Kiehl said this myth arose around the time when the Greeks built a massive array of ships to expand their control over the Mediterranean Sea. They cut down most of the trees on the Greek Peninsula, leading to deforestation and the loss of agriculturally valuable topsoil.
The allegory of the “Earth Destroyer,” he explains in his book, shows “what happens when we become separated from nature and destroy it.”
“Metaphorically, this depicts how by feeding our current endless hunger, we discount the future for our children,” Kiehl wrote. “In addition, his disconnection from the feminine, represented by the sale of his daughter, means he cannot relate in a healthy way to others.”
The furniture commercial, while free of Ovid's gruesomeness, taps into the basic idea that the hungrier and needier the shopper, the better for industry and the economy.
To truly create a healthier environment, Kiehl said heart and compassion have to enter the equation.
“Science can only do so much explaining,” he said.
A senior scientist who heads the Climate Change Research Section at the National Center for Atmospheric Research, in Boulder, Colo., Kiehl said he devotes little time in lectures on climate change talking about facts, and instead veers toward asking how his audience feels toward the issue: be it, anger, grief, helplessness, or fear -- in particular, fear of change, income loss or lifestyles.
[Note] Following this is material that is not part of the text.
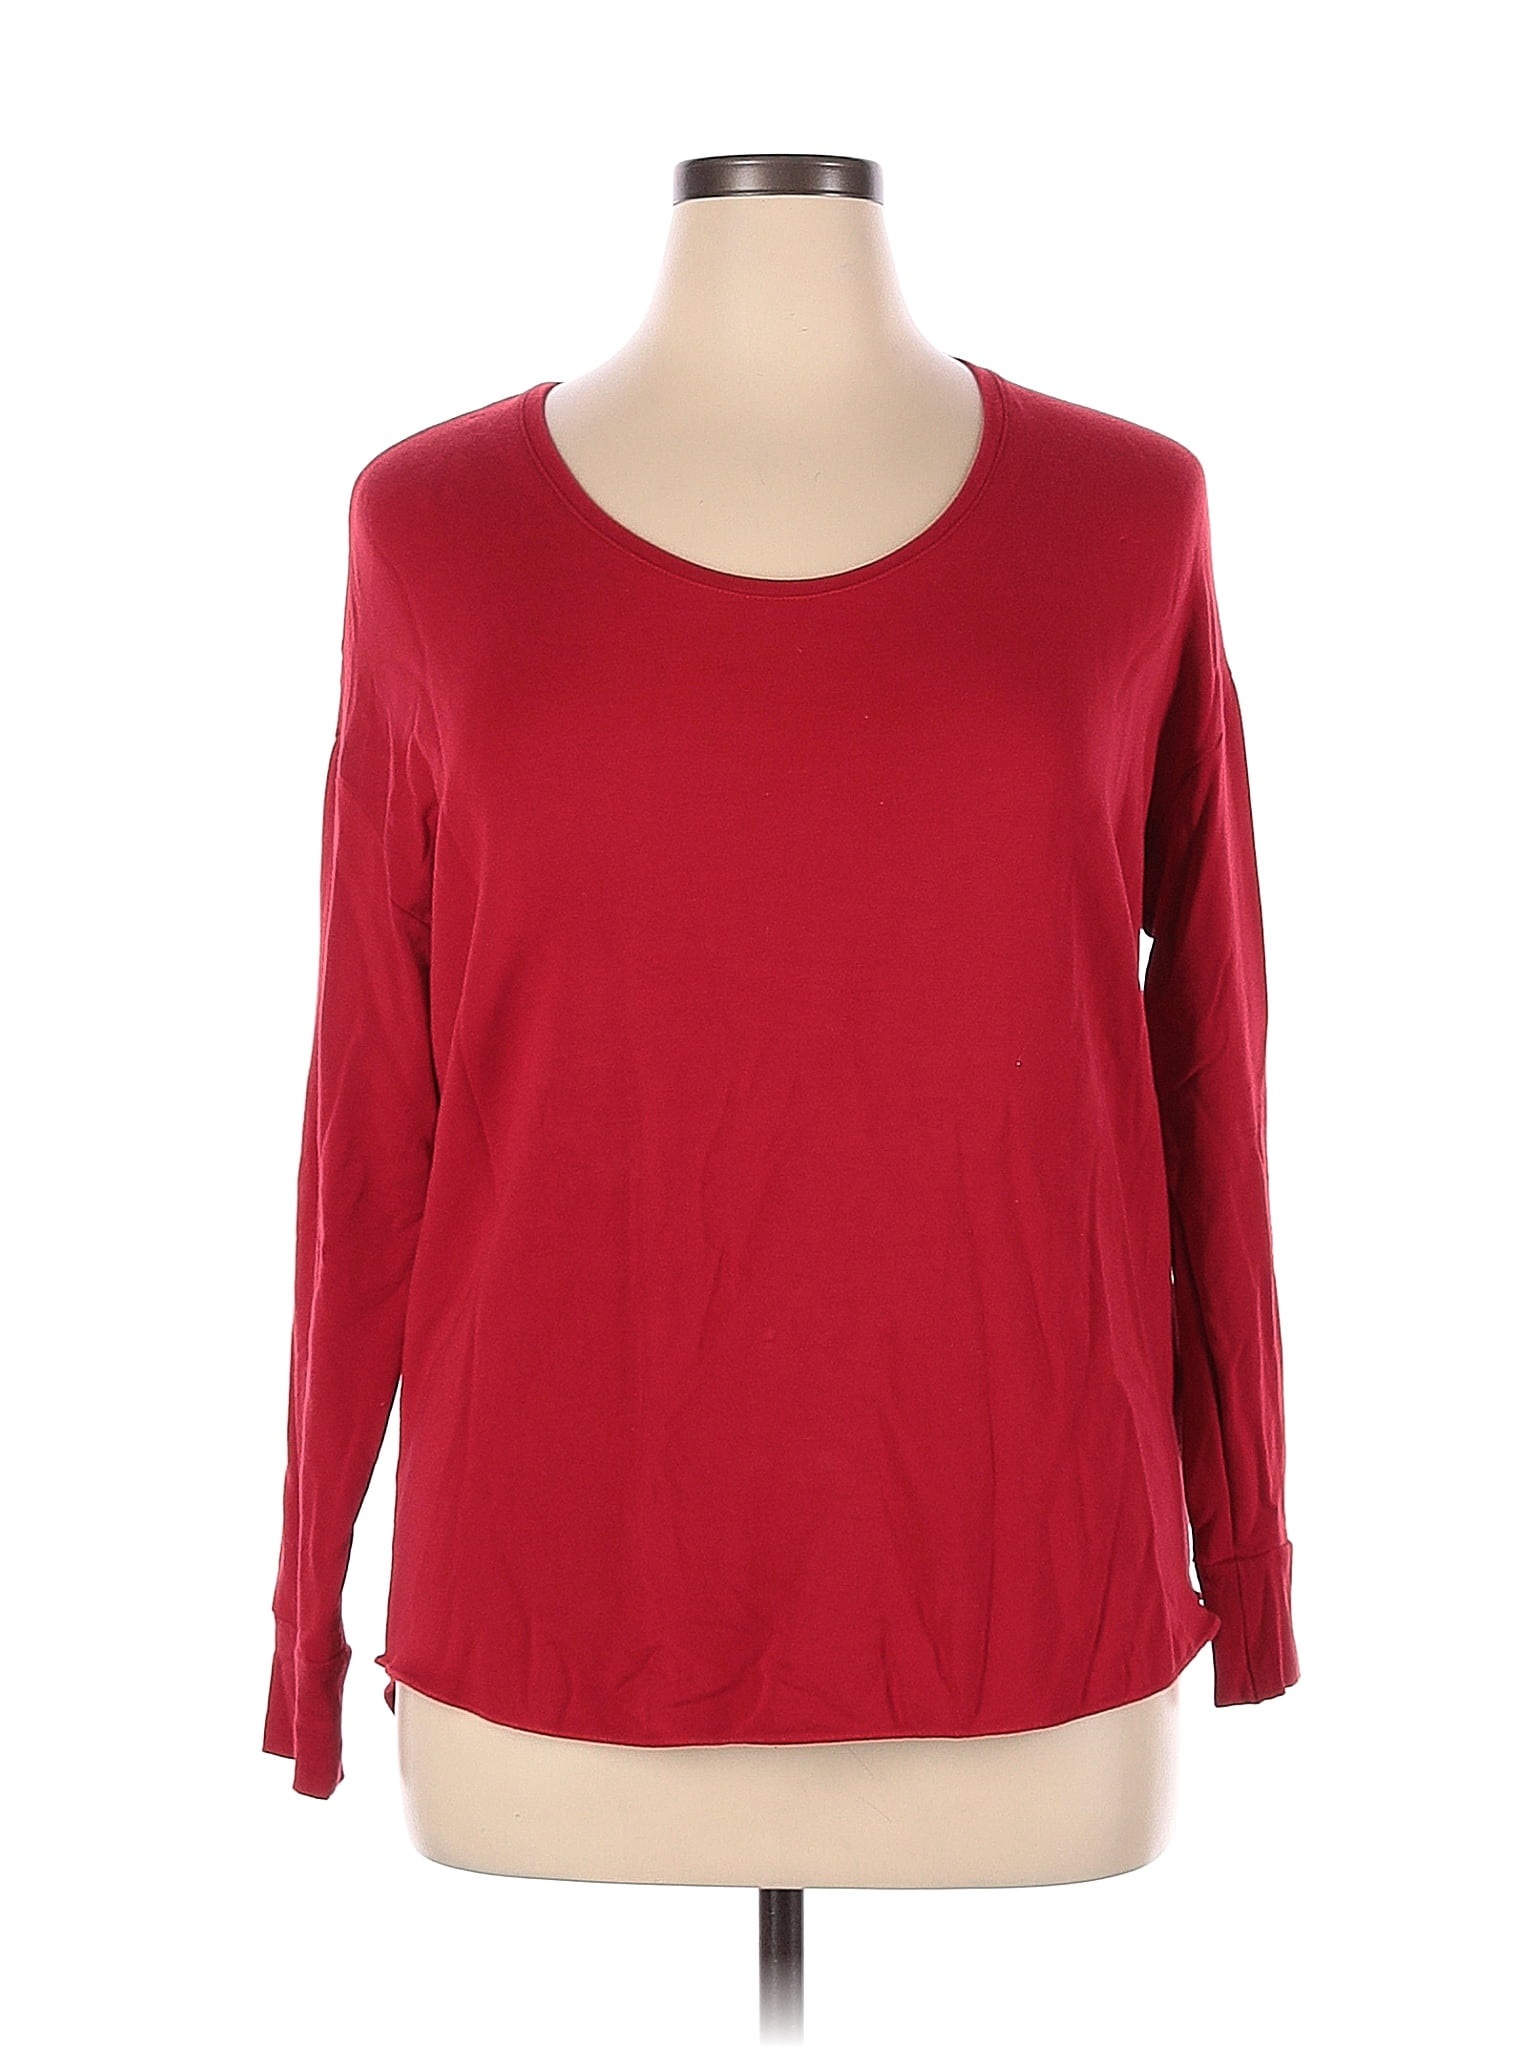 Majestic Filatures Solid Red Sweatshirt Size Lg (3) - 82% off | thredUP

All of which are understandable reactions, he noted, particularly from the standpoint of Maslow’s hierarchy of needs, which suggests attention to higher-level needs, such as a healthy planet, often get less attention until more primary ones (food, shelter, safety) are first met.
In our conversation, Kiehl also delved into archetypes: those shared lenses, images and metaphors through which we view the world. Some are father, mother and hero; others include the elder, the warrior, the senex -- the latter of which offers particular insights into the caustic climate debate in America.
The senex likes things fixed, rigid and secure, wanting absolute certainty in things; even when he has evidence that change would be better, he continues to balk. His positive side includes careful assessment, along with weighing of the situation and deep reflection, but if it loses out, then the status quo remains.
Examples of the negative side of the senex archetype from history include those who fought against civil rights legislation or regulations on air pollution, Kiehl said. On the climate issue, he pointed to Republican presidential candidate Ohio Gov. John Kasich.
While Kasich acknowledges a human degree to climate change, he insists that environmental protection shouldn’t come at the expense of the economy and cautions against actions akin to worshiping the earth. But inaction could itself disrupt the economy, Kiehl said, whereas shifting to renewable energy could lead to increased employment and economic growth.
“The idea that this would be an economic disaster comes from the fossil fuel industry or those who resist change because they fear change. This is the senex archetype in motion,” Kiehl said.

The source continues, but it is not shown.